On lui demandera tout d’abord de s’excuser s’il a pu offenser ou blesser des personnes, pour apaiser la situation, ce qu’il fera bien volontiers, n’étant pas de nature belliqueuse. Mais dès l’instant où il s’est excusé, la machine infernale est enclenchée sans qu’il le sache.
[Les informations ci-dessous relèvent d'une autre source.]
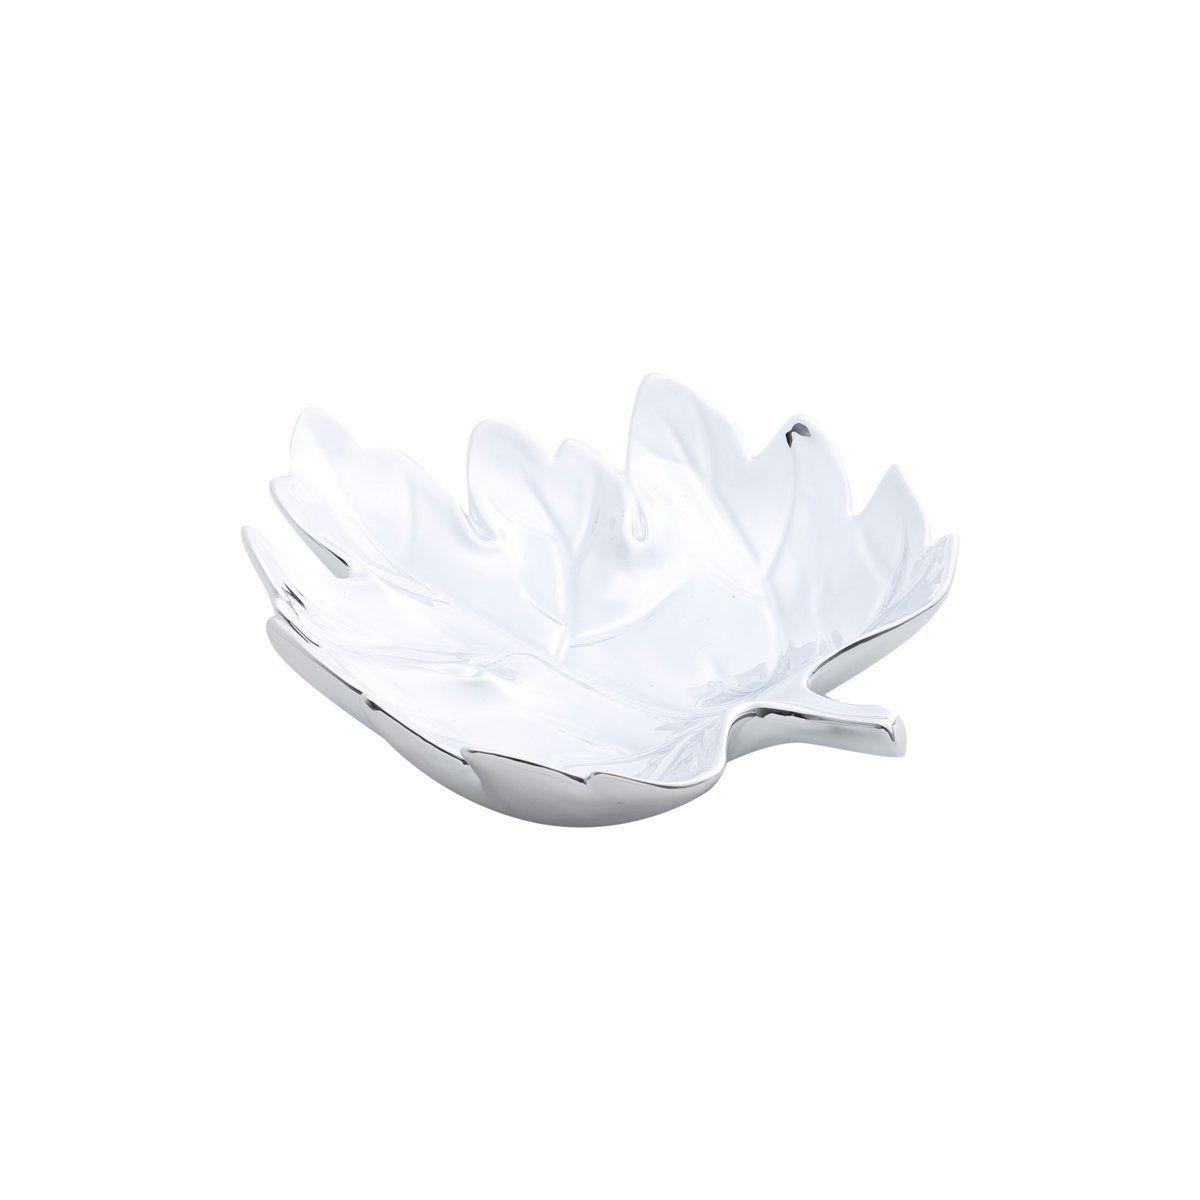 Prato decorativo 28 cm de cerâmica prateado Folha Prestige - 25674
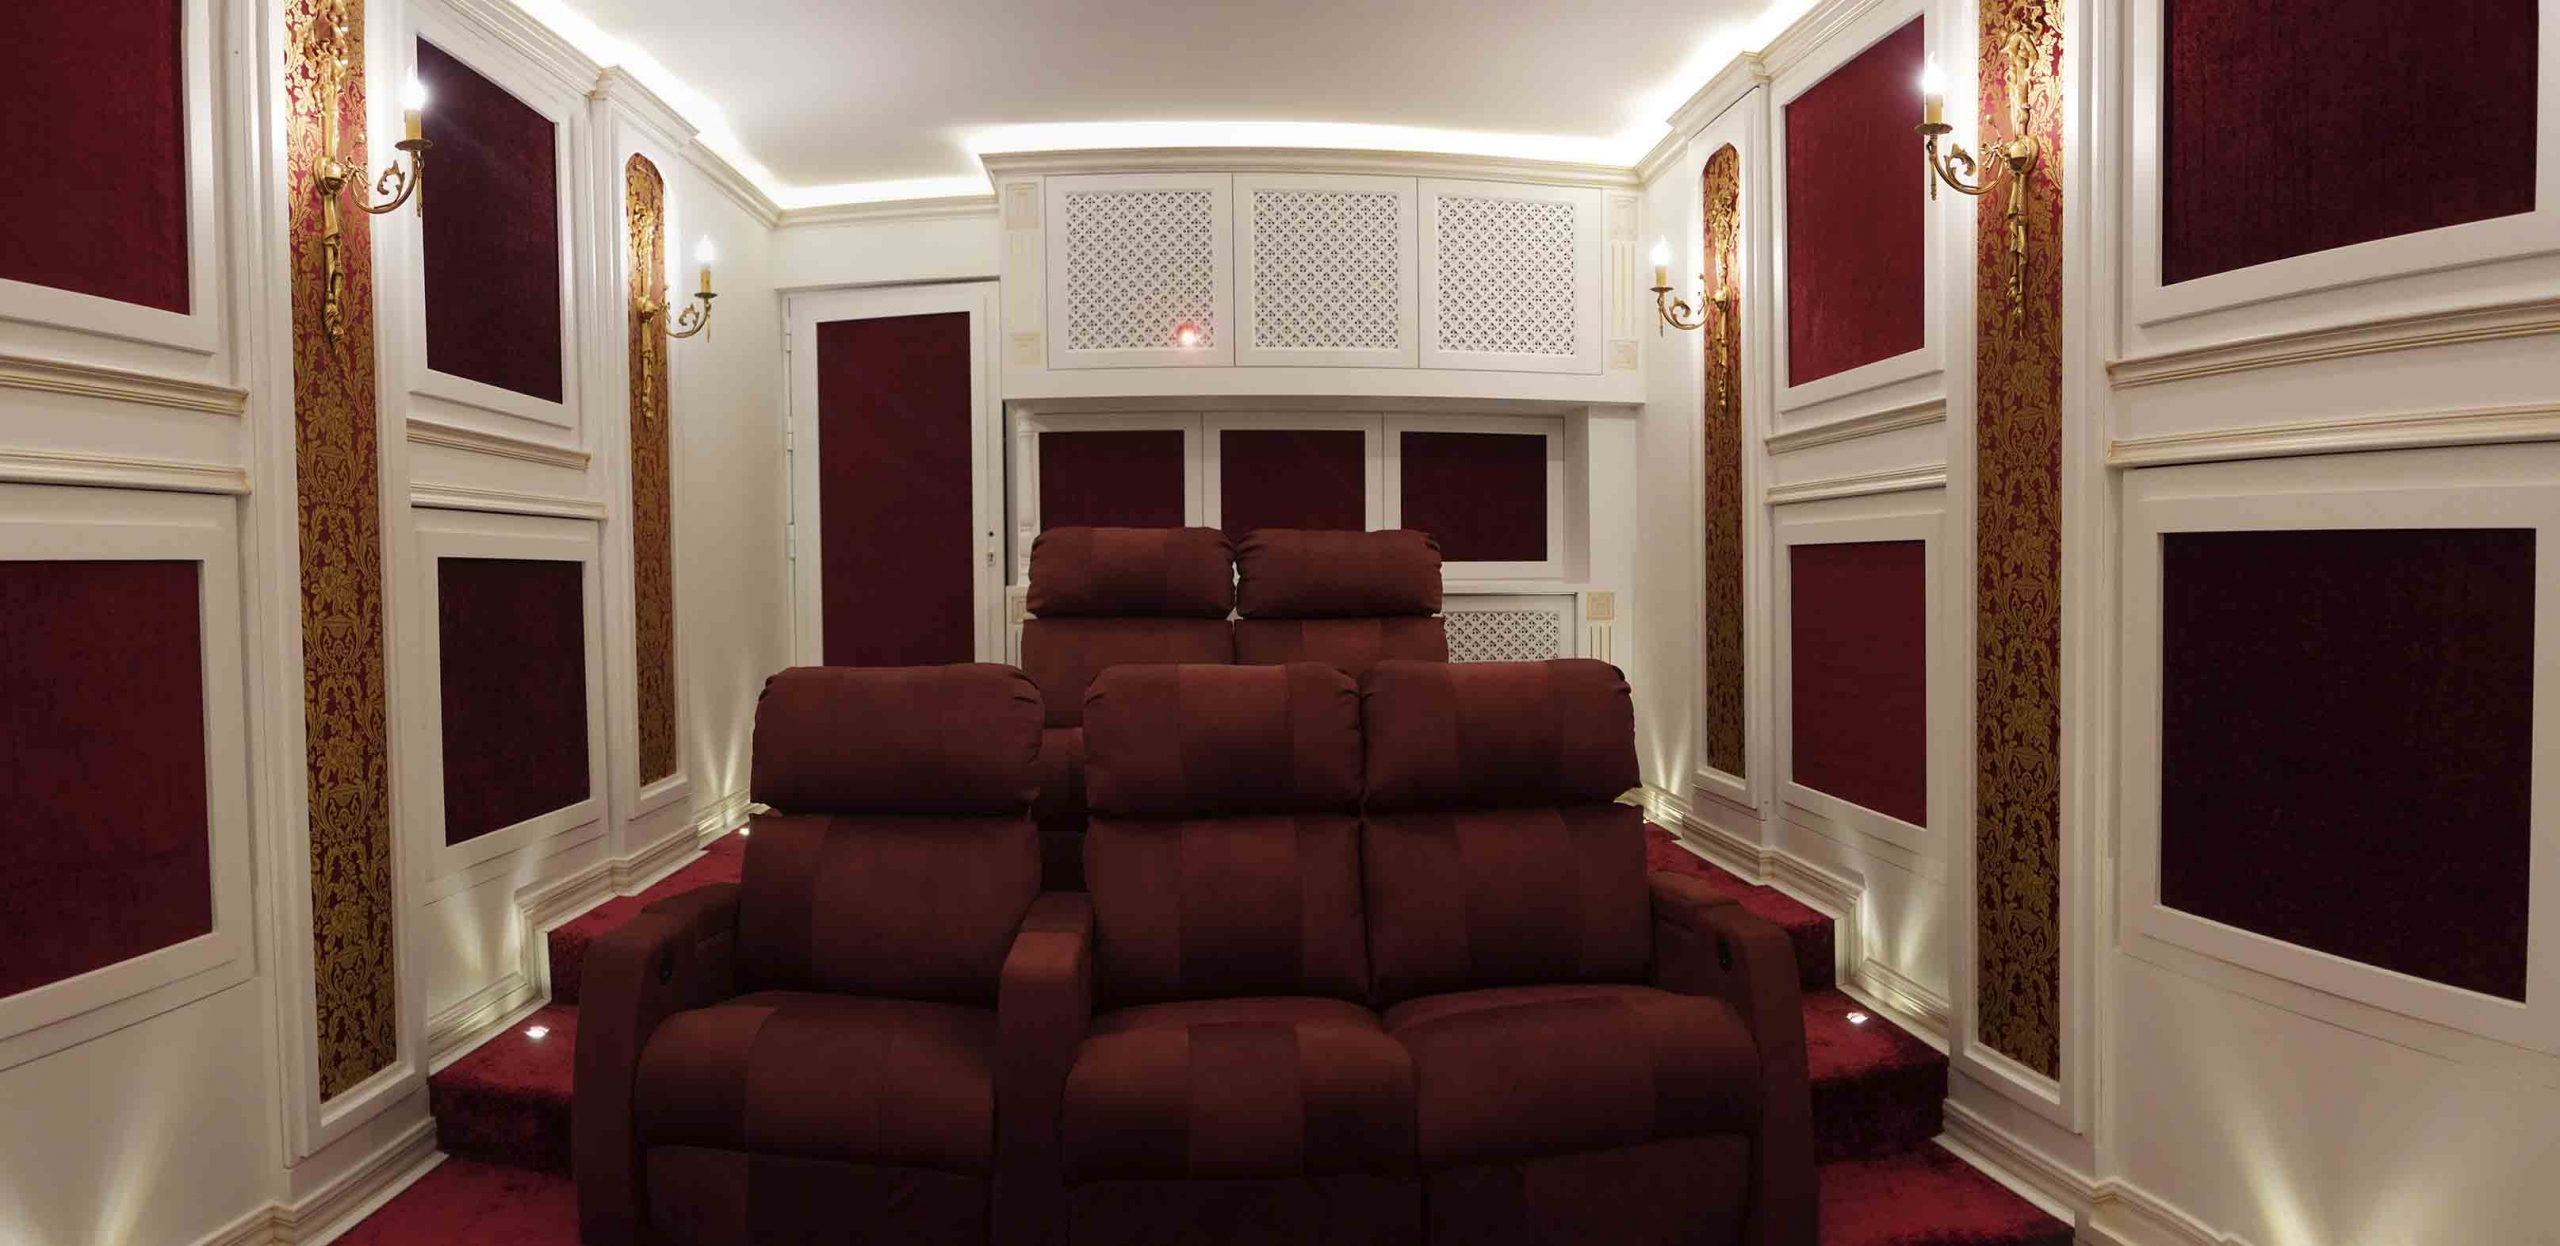 سینمای خانگی خصوصی در ویلای لواسان

Cela vaudra reconnaissance de culpabilité : en l’occurrence, ne pas être prétendument dans la bonne compréhension de la laïcité et s’en vient alors tout naturellement le chapelet habituel des anathèmes, procès en racisme, islamophobie (validant au passage la réhabilitation du délit de blasphème) etc. que beaucoup d’entre nous ont subis avec la complicité au minimum passive de leurs administrations. Peu à peu, il comprend le piège qui est en train de se refermer sur lui et déclare avec force : « Je n’ai commis aucune infraction dans l’exercice de mes fonctions ». Il envisage de faire constater certains des propos tenus par certains de ses lâches collègues à son sujet par voie d’huissier, mais il est déjà trop tard et l’histoire en vérité est déjà écrite. Il n’y aura plus de retour en arrière possible jusqu’à ce que sa tête suppliciée roule sur le sol et apparaisse sur les écrans de nos réseaux sociaux.

La force d’analyse de David di Nota consiste ensuite à corréler le bilan accablant de toutes ces fautes accumulées avec l’idéologie dont est empreinte l’Education nationale qui, rappelons-le, s’est majoritairement indignée en poussant moult cris d’orfraie lorsque la Ministre de l’Enseignement Supérieur a osé parler d’ « islamogauchisme », alors même que le réel en impose l’évidence sanglante et nocive. Ce qui est donc remis en cause ici est le paradigme victimaire -mais aussi suspicieux d’emblée envers les enseignants- qui règne au sein d’une administration très perméable aux thèses décoloniales, indigénistes, antiracistes dévoyées et, surtout, qui, par la glorification de l’offense tend à renvoyer intrinsèquement les élèves et l’enseignant dos à dos puis à faire finalement peser toute charge de toute faute sur ce-dernier. Cette analyse critique s’étend jusqu’à la loi dite « pour une école de la confiance » de juillet 2019. Il faut voir ici le fruit de décennies d’un pédagogisme visant à introduire toujours davantage les parents d’élèves dans l’école, à réduire le magistère de l’enseignant, à niveler les hiérarchies qui, seules, étaient émancipatrices : c’est aussi cette séparation claire entre la famille et l’école qui garantissait l’indispensable laïcité d’un lieu qui, en retour, était sacralisé.

Cet ouvrage est donc bien plus qu’un hommage ou qu’une indignation : c’est un remarquable travail d’écrivain, nous l’avons dit et cet aspect formel est indispensable à la force du propos. Ce contre-rapport mis en récit de manière à la fois délicate et puissante, à l’image de la personnalité de son auteur, est une œuvre de vérité et, en quelque sorte, de justice. Ce 15 octobre, nombreux seront ceux qui, sur injonction ministérielle, verseront des larmes de crocodiles en se recueillant en mémoire de Samuel Paty, en osant parler sans vergogne d’une liberté d’expression qu’ils n’ont cessé d’opprimer, se rangeant toujours du côté de la meute, de la rumeur, de cette « calomnie » kafkaïenne à laquelle il est fait référence ici. Espérons qu’ils liront ce livre qui, en quelques jours à peine, bénéficie déjà d’un immense succès bien mérité. Un an après sa mort, Samuel Paty voit ici une partie importante de la vérité et de son honneur rétablis.